If you have a SQL injection vulnerability, separate tables will not necessarily help you. Depending on the kind of vulnerability / setup you have the attacker may be able to run queries against arbitrary tables, or just drop the entire database.
Aside from that, separate tables will become a maintenance nightmare when next year you need to add a few extra fields to the schema for all 10,000+ tables or whatever. Or you decide you want to be able to aggregate the data for a report and have to query every table and combine the results.
Multiple tables with the same schema is the wrong solution 99.999% of the time, and you're not in that small 0.001%.

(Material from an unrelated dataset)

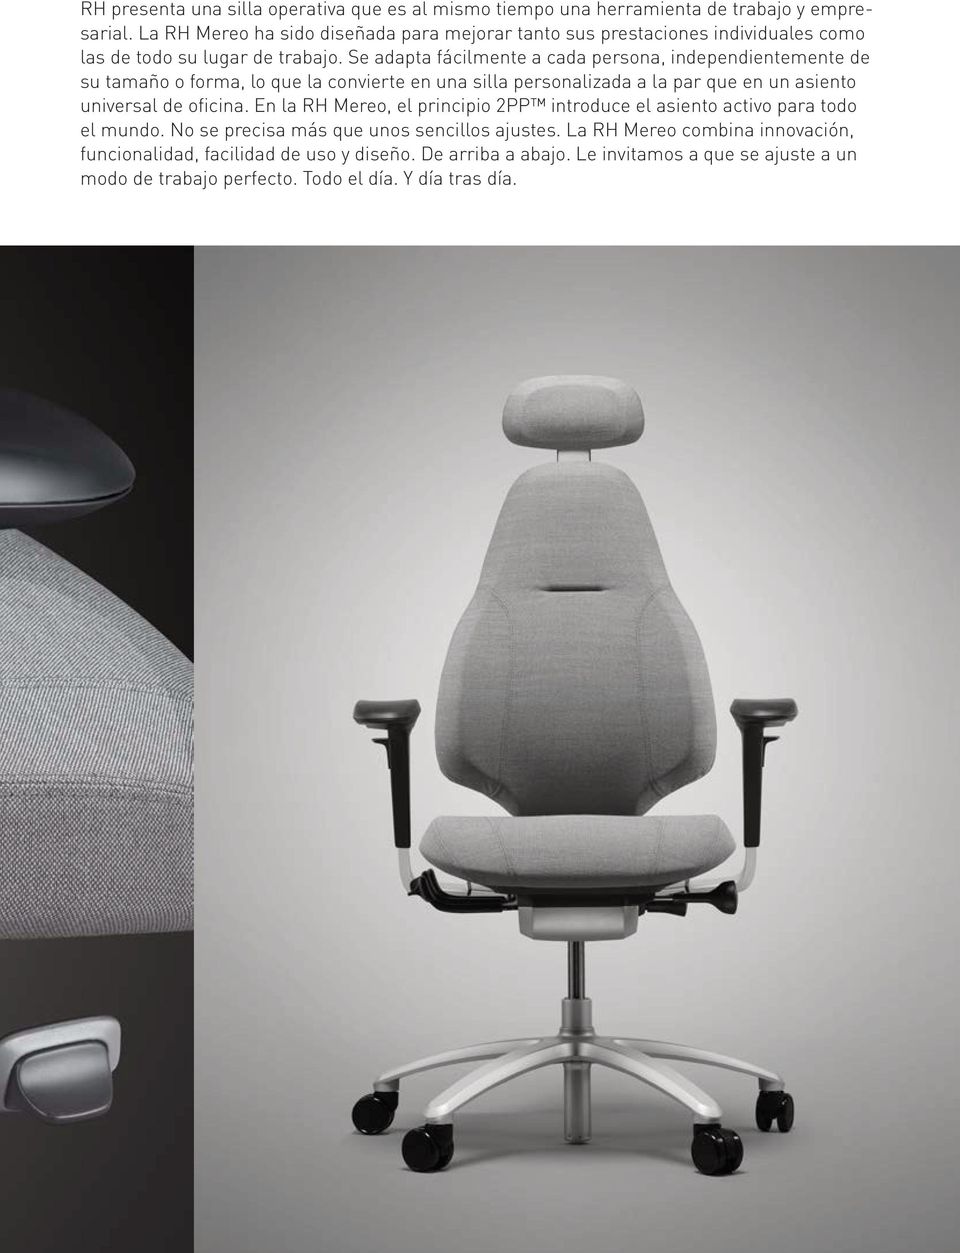 Se adapta fácilmente a cada persona, independientemente de su tamaño o forma, lo que la convierte en una silla personalizada a la par que en un asiento universal de oficina.

Your wrong. Databases are designed to process data. They are designed to deal with tables that have many rows quickly and efficiently so long as you set them up properly. As an example, I have a table that records every login attempt to a website. It currently has about 2.2 million rows in it. I just queried it to find all my login attempts. It came back with 2976 rows. Guess how long it took the database to find those records out of the 2.2 million total records? 0.271 seconds. Yes, less than a second.
If they can inject a DROP TABLE command, they can probably inject a SHOW TABLES command to get a list of all your tables then loop that list and drop each one. Your approach buys you nothing.
You need to make sure you're not vulnerable to an injection attack in the first place, and then have solid backups to restore from just in case something does happen.